The accrediting body for colleges in the Southeast on Thursday gave Paine College 12 months to correct financial mismanagement uncovered this year by The Augusta Chronicle in order to keep its accreditation.
The warning period was given to Paine by the Southern Association of Colleges and Schools’ Commission on Colleges, an organization recognized by the U.S. Department of Education that is responsible for overseeing the operations of educational institutions.
Paine is in violation of six compliance standards related to financial resources, the quality of administrative and academic officers, financial stability, control of finances, sponsored research and external funds, and the control of financial aid programs, said Belle Wheelan, the president of the accrediting organization.
After the newspaper’s articles in April and May revealed mismanagement of federal funding by Paine, Wheelan said the organization asked the college to prove it was in compliance but the school couldn’t.
“Anytime we find out stuff is going on – and thanks to you all actually writing up in the newspaper things were not right – we wrote an inquiry to them asking to show they were in compliance,” Wheelan said. “The documents they sent back showed they were not in compliance.”
Paine, which received a 10-year accreditation in 2011, now has 12 months to correct its financial deficiencies or face further sanctions.
Paine President George Bradley said he doesn’t see the sanction as a punishment but as chance to create a plan to improve.
“That’s an excellent opportunity for us to move forward,” Bradley said. “That warning just gives us an opportunity.”
Bradley said the school has been trying to fix financial problems for the past six months. He said the school is giving its board of trustees quarterly reports on the progress and also will keep SACS informed.
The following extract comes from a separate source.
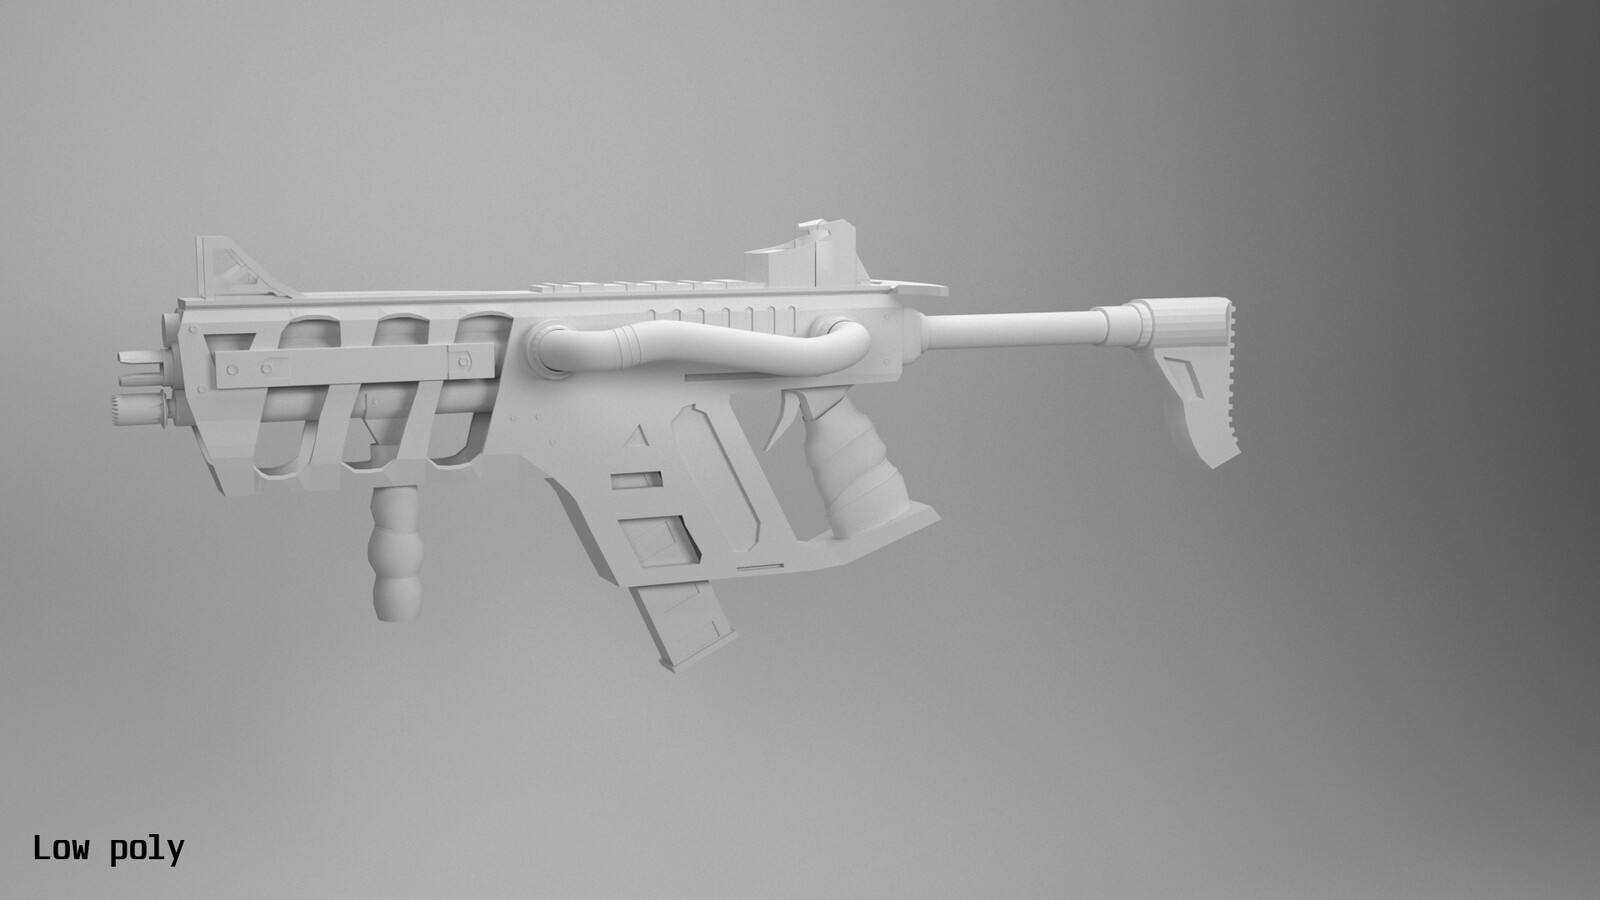 R 99 SMG from Apex Legends.

“We should be fine,” he said.
In April, The Chronicle reported that Paine did not change enrollment statuses or return unused financial aid to the government after some students withdrew in fiscal year 2010-11, according to a March 22 financial audit of the 2009-10 and 2010-11 fiscal years by Augusta accounting firm Cherry, Bakeart and Holland.
The audit detailed the school’s lack of resources and knowledgeable personnel dedicated to preparing financial statements and managing federal money. In the fiscal year ending June 30, 2011, the college spent $500,000 more than it had in income and ended with $343,000 in available cash, compared with $1.1 million the year before.
Paine lost access until 2014 to the Federal Perkins Loan, a need-based program for students, after not properly accounting for the funding.
It did not have policies and procedures to administer the program, and more than 50 percent of students defaulted on the loan, adding to its ineligibility, according to the audit.
The audit also found that Paine did not correctly manage federal student aid programs by giving money to two students out of a 40-student sample who did not attend the school, did not return leftover federal financial aid after students withdrew and did not properly record withdrawal statuses for students.
Wheelan said that it is possible for Paine to return to compliance but that it might take the whole year. She said her organization’s board of trustees could have put Paine on a six-month warning but allowed more time because of the severity.
“We gave them 12 months to get their act together,” Wheelan said.